Fourthly, drinking water

Drinking water type: cleaning water;

the water supply method comprises the following steps: free uptake.

Fifthly, disposing the animal carcasses

Temporarily storing the animal carcasses in a special refrigerator at the temperature of-20 ℃ in an animal temporary storage room, and intensively delivering the animal carcasses to a Guangdong living environment harmless treatment center for harmless treatment.

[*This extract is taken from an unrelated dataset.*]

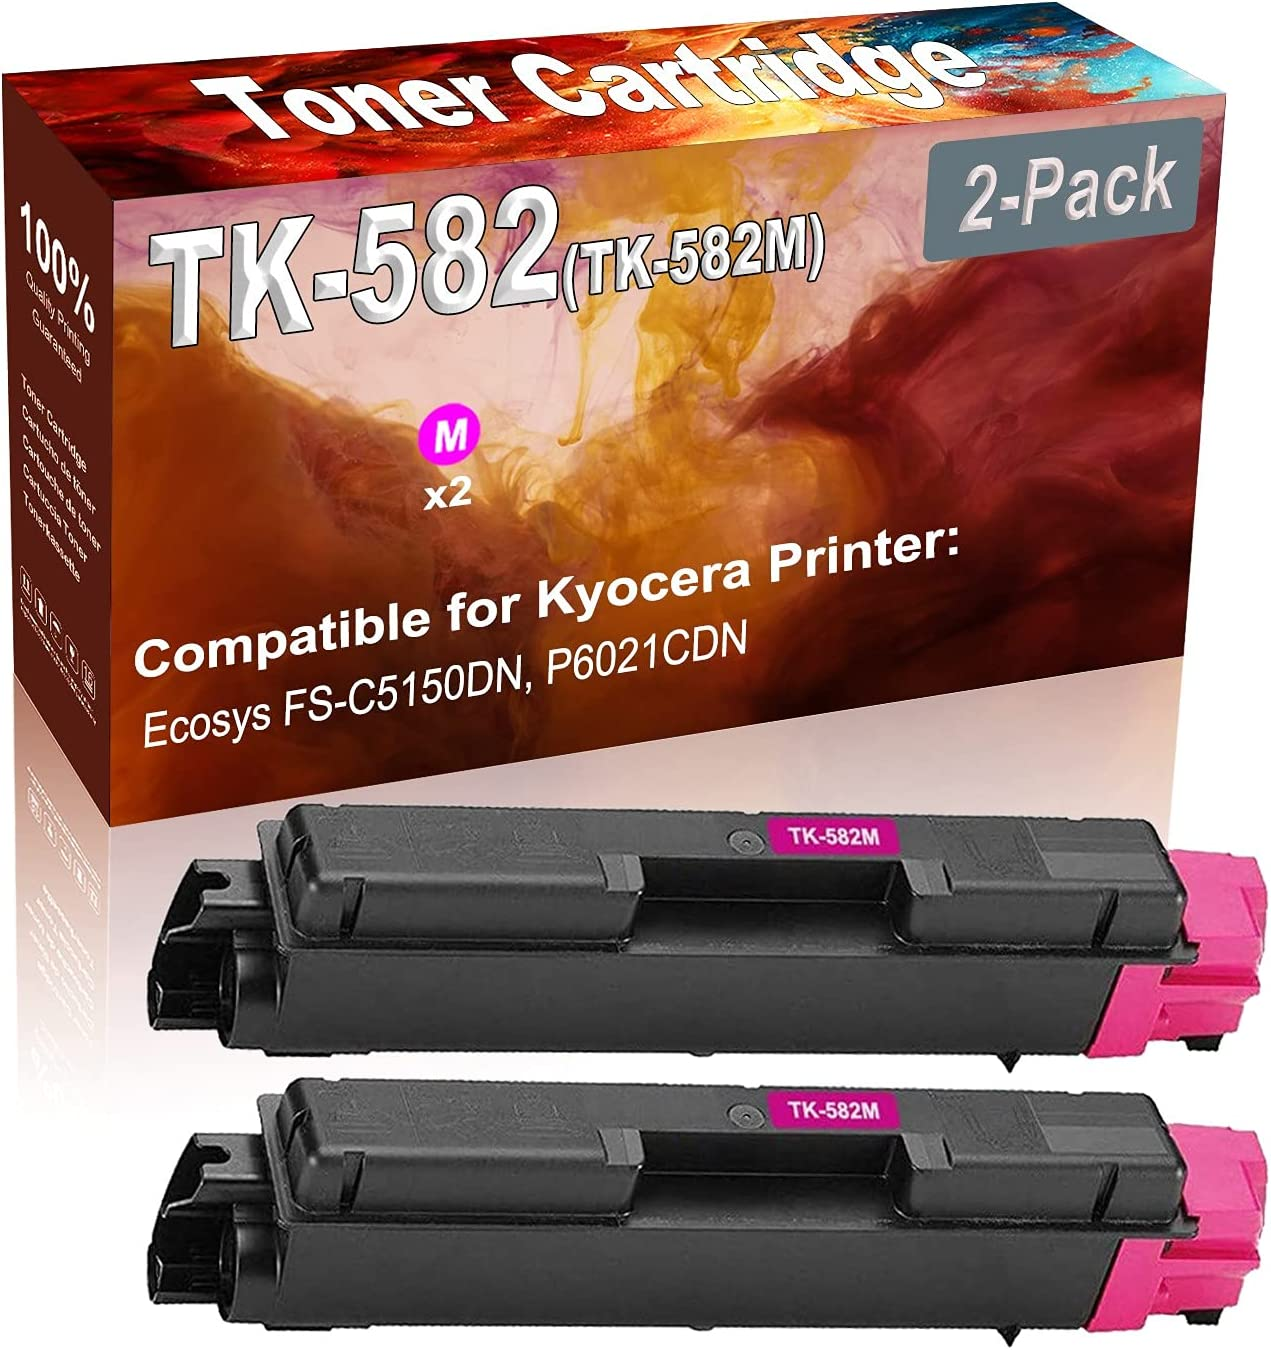 2-Pack (Magenta) Compatible Ecosys FS-C5150DN Laser Toner Cartridge (High Capacity) Replacement for Kyocera TK-582 (TK-582M) Printer Toner Cartridge

(2) Main instrument and reagent

Main instrument

PL303 electronic balance: MettLerToLedo;

② main reagent

Sodium lime: shanghai Michelin Biochemical technology Ltd, product batch number: c10412480;

white vaseline: shanghai Michelin Biochemical technology Ltd, product batch number: c10567291;

isoproterenol hydrochloride: shanghai Michelin Biochemical technology Ltd, product batch number: c10636091;

(3) design of experiments

Grouping test animals

The groups were divided into 3 groups, i.e., a vehicle control group (6 animals), b model group (6 animals), and c.itpp intervention group (6 animals).

② dosage of administration

ITPP intervention group: 2 g/kg;

③ frequency of administration: administered once each at 10:00 am and 2:00 pm;

and (4) administration route: intragastric administration;

dosage volume: 0.2mL/10 g;

medicine dispensing scheme

Dosage and preparation of the molding medicine:

molding medicine isoproterenol hydrochloride (20mg/kg, 100 times higher than normal dose), taking 10 mg of medicine powder and adding sterilized distilled water to prepare 10mL of solution; the administration volume is 0.2mL/10 g;

preparation of ITPP solution (2 g/kg): adding distilled water into 1.0g of ITPP powder to a constant volume of 10mL of solution; the administration volume is 0.2mL/10 g;

(4) test method and observation index

Grouping, administration and modeling

Selecting 18 SPF male KM mice with the age of 6-7 weeks and the weight of 18-22 g. The test pieces were divided into 3 groups, i.e., a vehicle control group, a model group, and a C.ITPP intervention group (2g/kg), 6 groups per group, according to body weight. The preparation method comprises the following steps of respectively administering the medicines once at 10:00 am and 2:00 pm, and 1h after the administration in the afternoon, carrying out intraperitoneal injection of isoproterenol (20mg/kg) to replicate an ischemia-hypoxia model for the model group and the test sample group, immediately placing a mouse into an hypoxia bottle with the capacity of 250mL after the model is made, wherein the hypoxia bottle contains 5g of soda lime, and sealing a bottle stopper coated with vaseline after the mouse is placed to cause airtight hypoxia. Immediately recording the time of sealing the bottle mouth, continuously observing the change of the heart beat, the breathing frequency, the depth, the skin and the color of the mouth and the lip of the mouse until the animal stops the heart beat, recording the death time, and taking the duration from the bottle stopper of the cover to the heart beat stop of the animal as the survival time of the mouse under the anoxic condition.

② survival time of mice

The duration from the closure to the cessation of the heartbeat of the animal was taken as the survival time of the mouse under hypoxic conditions.

(5) Data processing

Experimental data were statistically processed by GraphPad Prism 7.0 biometrics software: data are expressed as Mean ± SD and analyzed using analysis of variance in conjunction with Dunnett's multiple comparisons.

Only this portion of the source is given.